At least one of the perforating guns 20 can be positioned between two of the pressure sensors 56. At least one of the pressure sensors 56 can be interconnected between two of the perforating guns 20.

Firing the perforating guns 20 may include perforating the wellbore 14 at multiple formation intervals 26a,b. Each of the pressure sensors 56 can be positioned proximate a corresponding one of the formation intervals 26a,b. Each of the formation intervals 26a,b can be positioned between two of the pressure sensors 56.

The pressure sensors 56 may be included in respective shock sensing tools 22a-c. A detonation train 30 can extend through the shock sensing tools 22a-c.

The pressure sensors 56 may sense pressure in an annulus 62 formed radially between the perforating string 12 and the wellbore 14.

Increased recording of pressure measurements can be made in response to sensing a predetermined event.

The perforating guns 20 are preferably positioned on a same side of a packer 16 as the pressure sensors 56.

Also described by the above disclosure is a formation testing method which can include interconnecting multiple pressure sensors 56 and multiple perforating guns 20 in a perforating string 12; firing the perforating guns 20, thereby perforating a wellbore 14 at multiple formation intervals 26a,b, each of the pressure sensors 56 being positioned proximate a corresponding one of the formation intervals 26a,b; and each pressure sensor 56 measuring pressure variations in the wellbore 14 proximate the corresponding one of the intervals 26a,b after firing the perforating guns 20.

It is to be understood that the various embodiments described herein may be utilized in various orientations, such as inclined, inverted, horizontal, vertical, etc., and in various configurations, without departing from the principles of the present disclosure.
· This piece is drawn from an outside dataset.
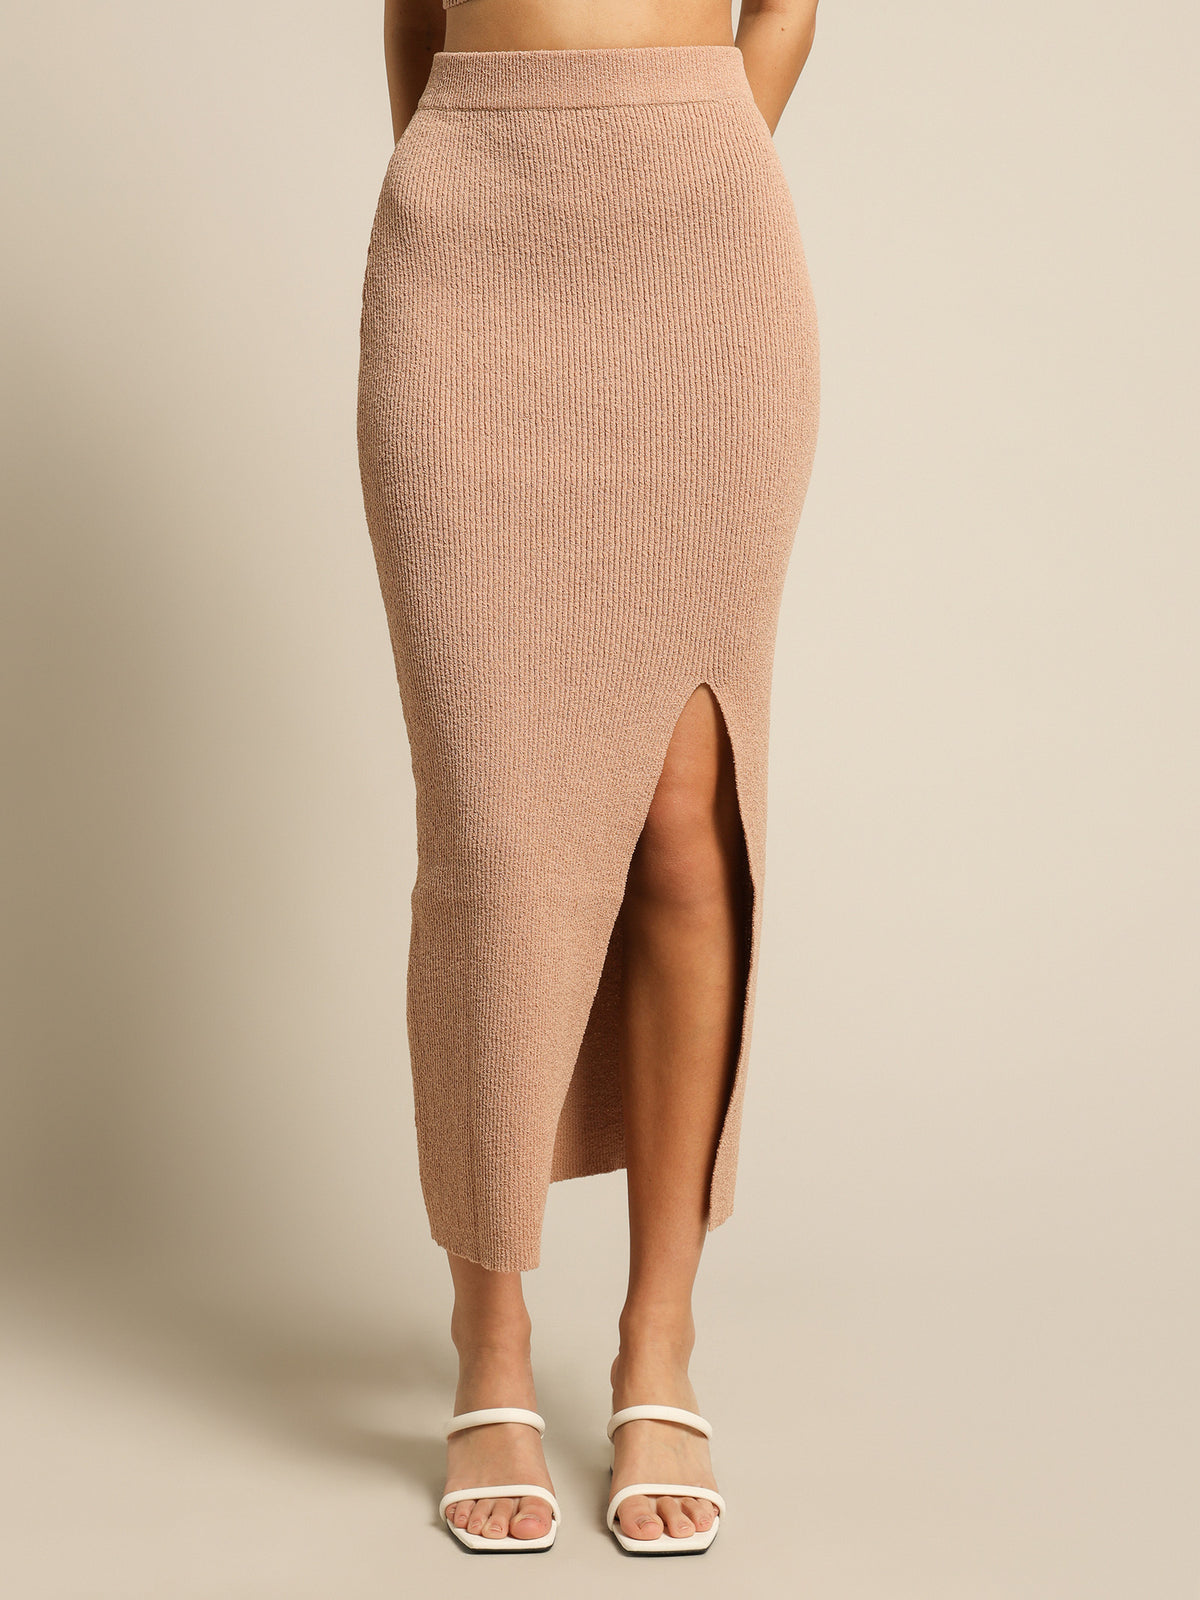 Krista Knit Skirt in Peach
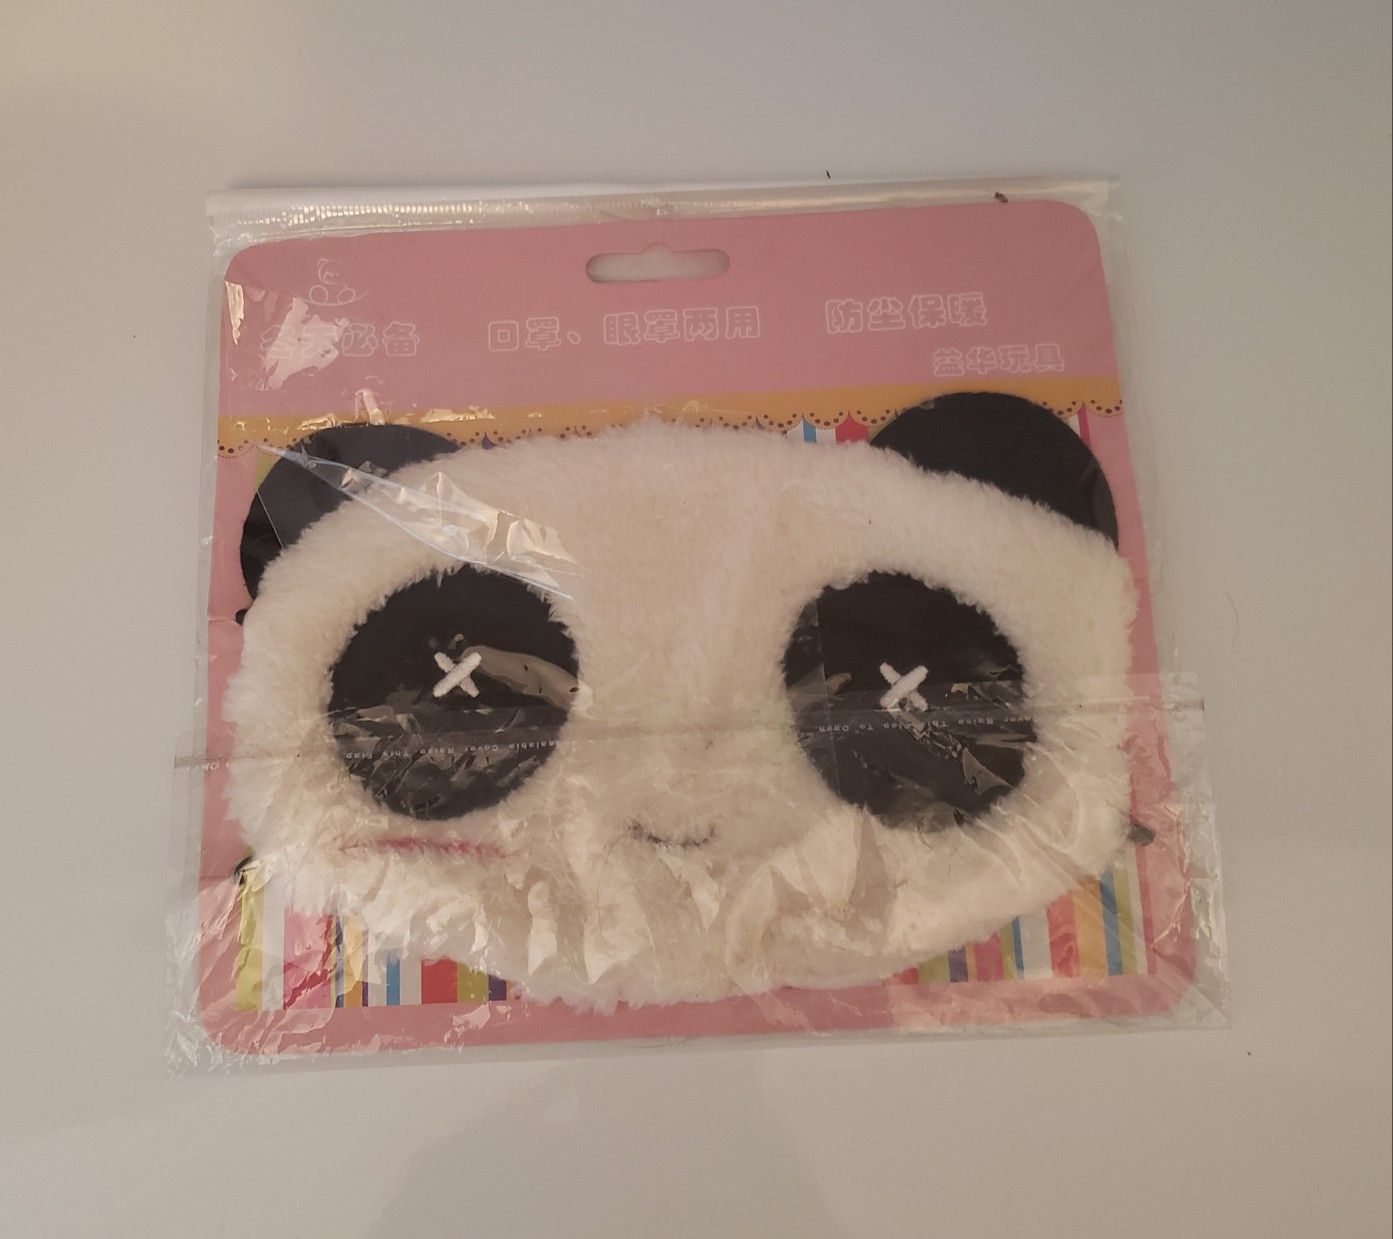 Panda face mask

The embodiments are described merely as examples of useful applications of the principles of the disclosure, which is not limited to any specific details of these embodiments.

In the above description of the representative embodiments, directional terms, such as “above,” “below,” “upper,” “lower,” etc., are used for convenience in referring to the accompanying drawings. In general, “above,” “upper,” “upward” and similar terms refer to a direction toward the earth's surface along a wellbore, and “below,” “lower,” “downward” and similar terms refer to a direction away from the earth's surface along the wellbore.

Of course, a person skilled in the art would, upon a careful consideration of the above description of representative embodiments of the disclosure, readily appreciate that many modifications, additions, substitutions, deletions, and other changes may be made to the specific embodiments, and such changes are contemplated by the principles of the present disclosure. Accordingly, the foregoing detailed description is to be clearly understood as being given by way of illustration and example only, the spirit and scope of the present invention being limited solely by the appended claims and their equivalents.